Distribution: A Potentially Under-appreciated Moat

June 08, 2015 | About:

During the Daily Journal meeting held earlier this year, a shareholder from Houston asked Charlie Munger (Trades, Portfolio) what in his opinion was the most underappreciated moat. Mr. Munger did not answer the question, but I thought this was a question worth spending some time on.

It would be presumptuous for me to give a definitive answer to the question. So instead, I would like to talk about a moat that is less talked about by investors – a well-established distribution system.

First of all, for some businesses such as Coca Cola (NYSE:KO), Walmart (NYSE:WMT) and Amazon (NASDAQ:AMZN), this moat is widely understood by investors. I won’t waste readers' time on those businesses.

In some cases though, especially in the small cap and micro cap world, the power of distribution network is often either misunderstood or underappreciated. A good distribution system can give a business enormous power in terms of reaching a larger consumer population, whereas the lack of an extended distribution system can put some serious constrains on a business’s ability to grow. This means having a great relationship with the distributors is extremely important because they know the customers and can direct sales to the customers at their will.

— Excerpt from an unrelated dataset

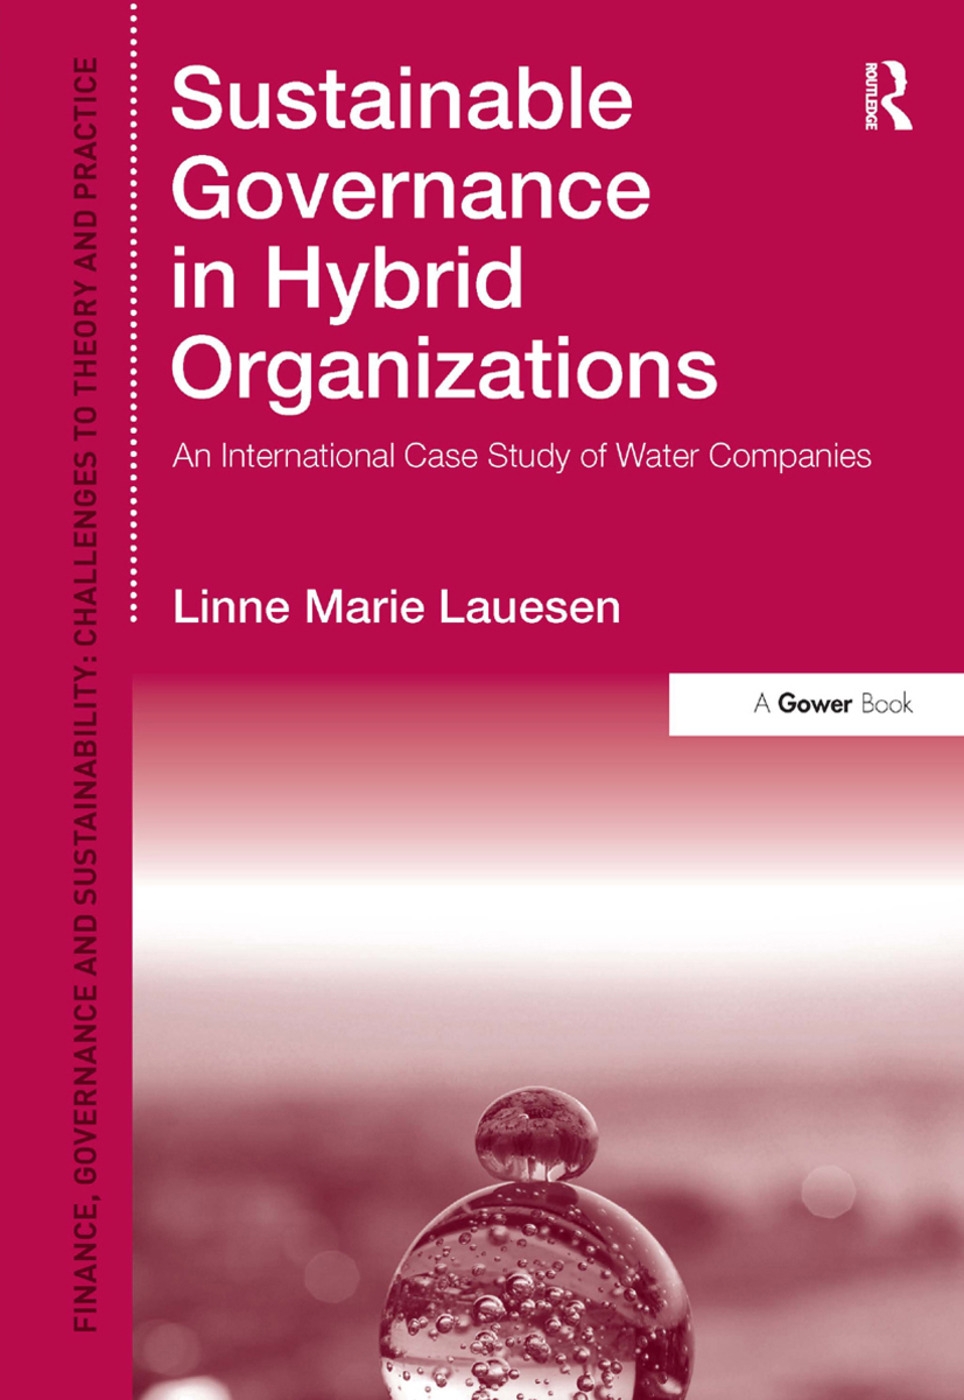 Sustainable Governance in Hybrid Organizations: An International Case Study of Water Companies

Let me use IDEXX Lab (NASDAQ:IDXX) as an example to illustrate this point. A big part of IDEXX’s business is the point-of-care veterinary diagnostic products. The vets use IDEXX’s product to perform diagnosis on your pets’ health information.

IDEXX used to have a significant competitive advantage over its competitors because of its exclusive distribution relationships with Henry Schein and MWI. Both Henry Schein (HSIC) and MWI are among the largest distributors of veterinary diagnostic products. When a vet needs to shop for a testing equipment such as an analyzer, he or she is likely to go to Henry Schein and MWI for references. Since IDEXX had exclusive contracts with both of them, IDEXX’s products are the only one that can be seen on the shelves by the vets. When we tie this into the availability bias from Charlie Munger (Trades, Portfolio)’s human psychological framework, we can see that IDEXX unique distribution relationship with Henry Schein and MWI gives IDEXX an enormous advantage over its competitors such as Abaxis (NASDAQ:ABAX), who has to basically go door-by-door to market its products. Not only does it cost more for IDEXX’s competitors to promote their products, but also it’s less efficient. This makes IDEXX’s competitors' lives pretty damn hard.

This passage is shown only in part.